In case you were not aware of it, the paper substrate is not a simple material to analyze. The whole cannot be evaluated without analyzing the parts, but the individual parts do not necessarily describe the whole. Paper is a composite material. It is a mat of fibers. It has characteristics that are imparted to it because of its web construction, its individual fiber nature, its fiber to fiber chemical bonding, its molecular structure and a long list of factors which arise out of the manner in which it was manufactured including cooking, beating, forming, drying, and finishing. In addition the finished product often has fillers, brighteners, sizings and other additives that also contribute to the character of the sheet.

To simplify things, research into paper tends to focus on the substrate at its purest level and ignores the additives and certainly ignores the design medium on the surface. A lot of testing is done with something called Whatman Filter Paper-the pure cellulose sample; and newsprint-the woodpulp, lignin containing sample. Yet the composite nature of the paper objects we all work on as conservators limits the usefulness of tests which have focused on these isolated components.

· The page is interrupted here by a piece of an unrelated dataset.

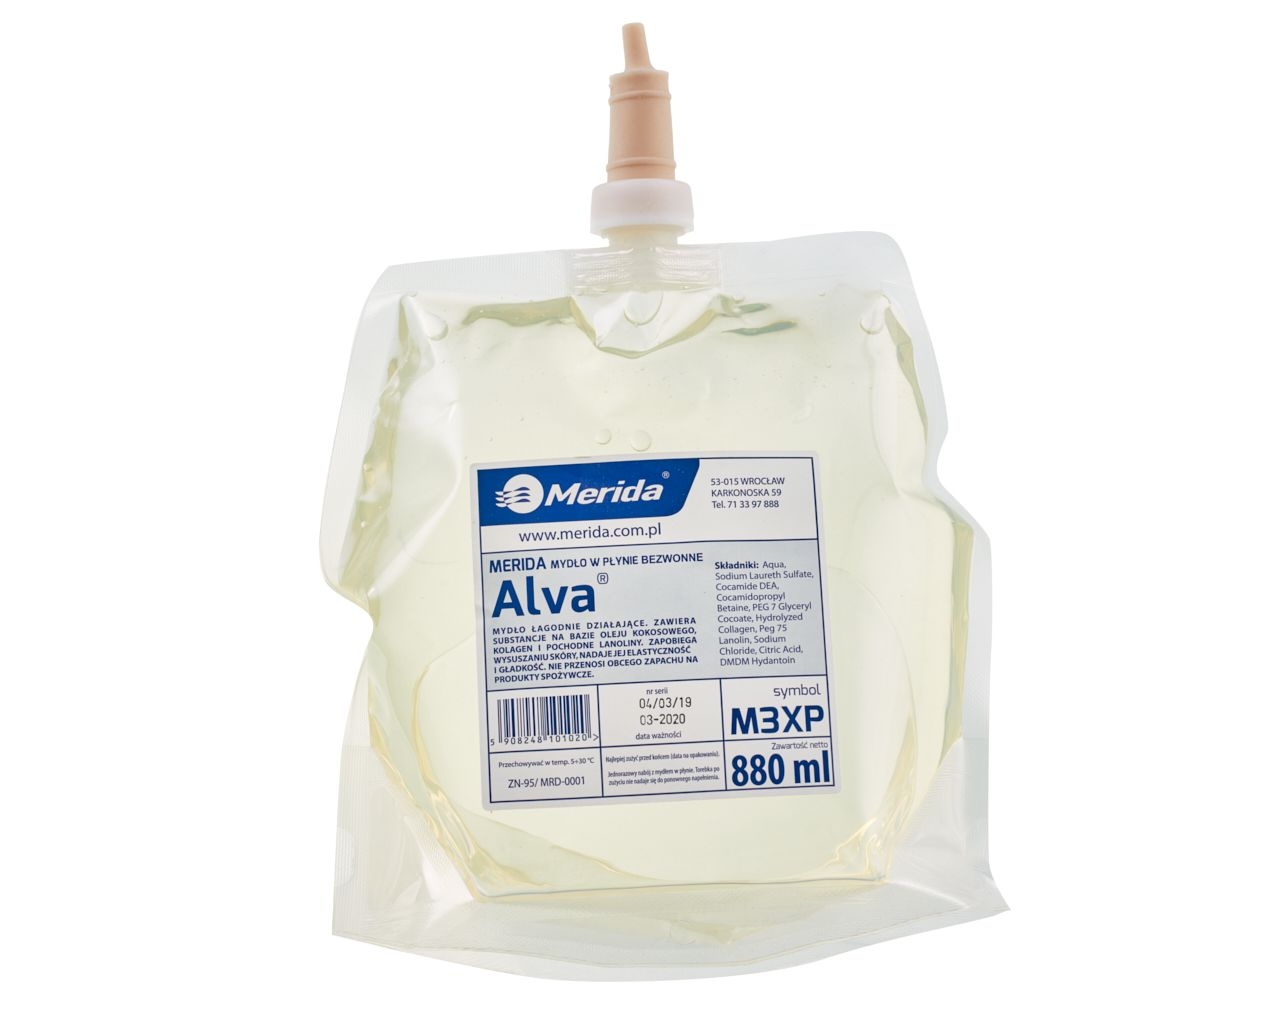 Specjalistyczne mydło w płynie dla przemysłu spożywczego MERIDA ALVA BEZWONNE, wkład jednorazowy 880 ml

In addition, it is often difficult for scientists to see a cause and effect relationship in the testing and evaluation of data. The paper matrix is complex, cellulose is quite resistant to chemical attack, and testing methods and analytical equipment must be sensitive enough to measure subtle changes. When changes are seen, a determination must be made whether they are significant and whether they are related to the experiment at hand.

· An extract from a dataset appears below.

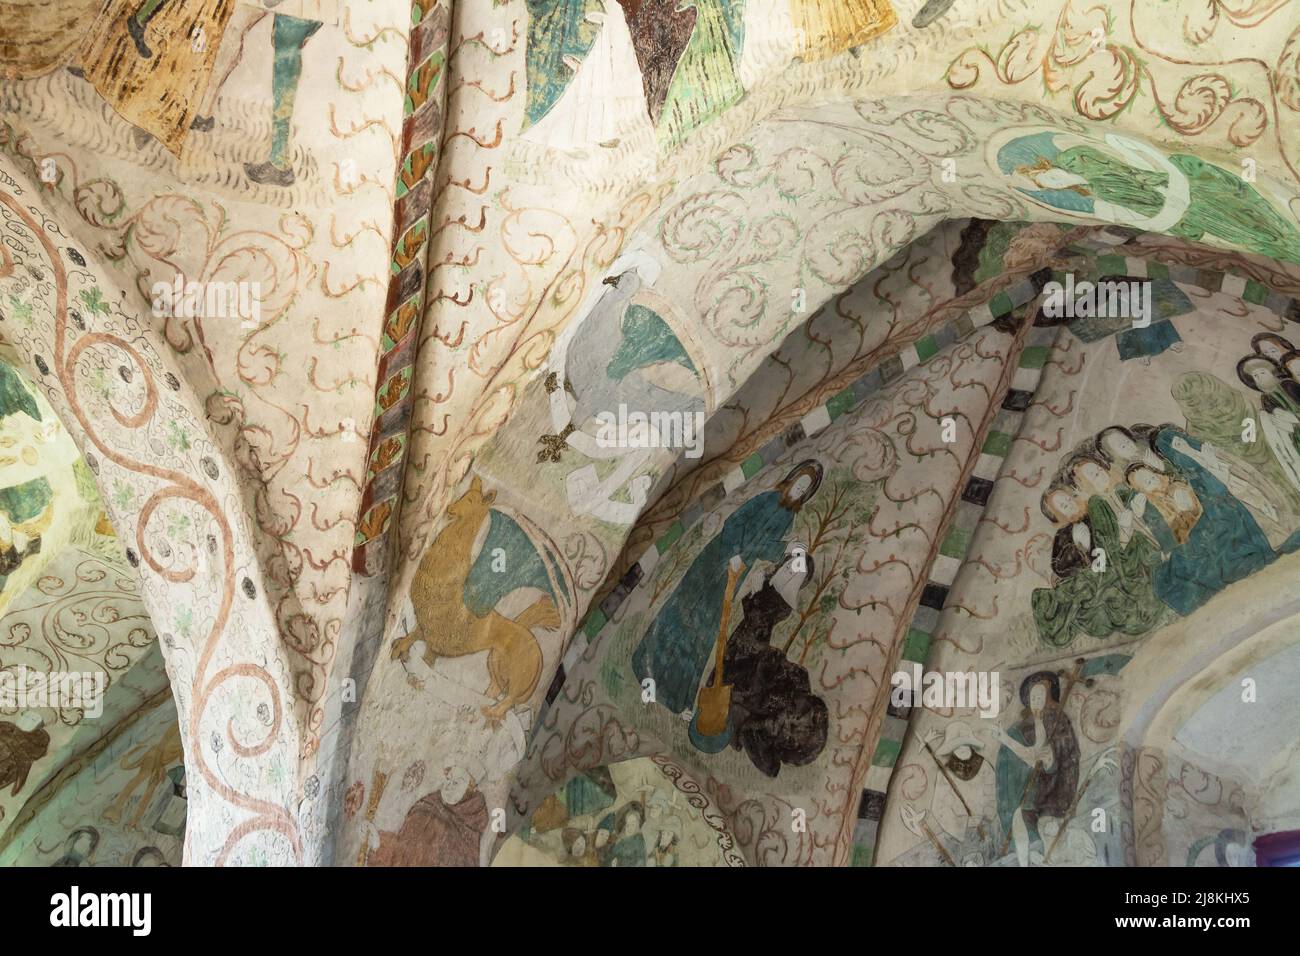 Fresken an der Decke der mittelalterlichen Steinkirche in Hattula Finnland Stockfoto

The paper industry has been analyzing its own product for years, and yet EVEN IT does not completely understand all of the mechanisms for reactions in cellulose chemistry. Unfortunately, for our purposes, the industry's standards, and the questions the industry is trying to answer, can be quite different from what we need answered. The industry's orientation is towards the raw material and much of their testing is done at the vat, so to speak--on raw pulp. Their experiments on bleaching and deacidification are evaluated before the sheet is cast and their strength tests are always on new material. Our questions, as paper conservators, revolve around the treatment of an already formed sheet of paper and we are actually talking about re-wetting, re-bleaching and treatments on papers that already possess very distinct characteristics.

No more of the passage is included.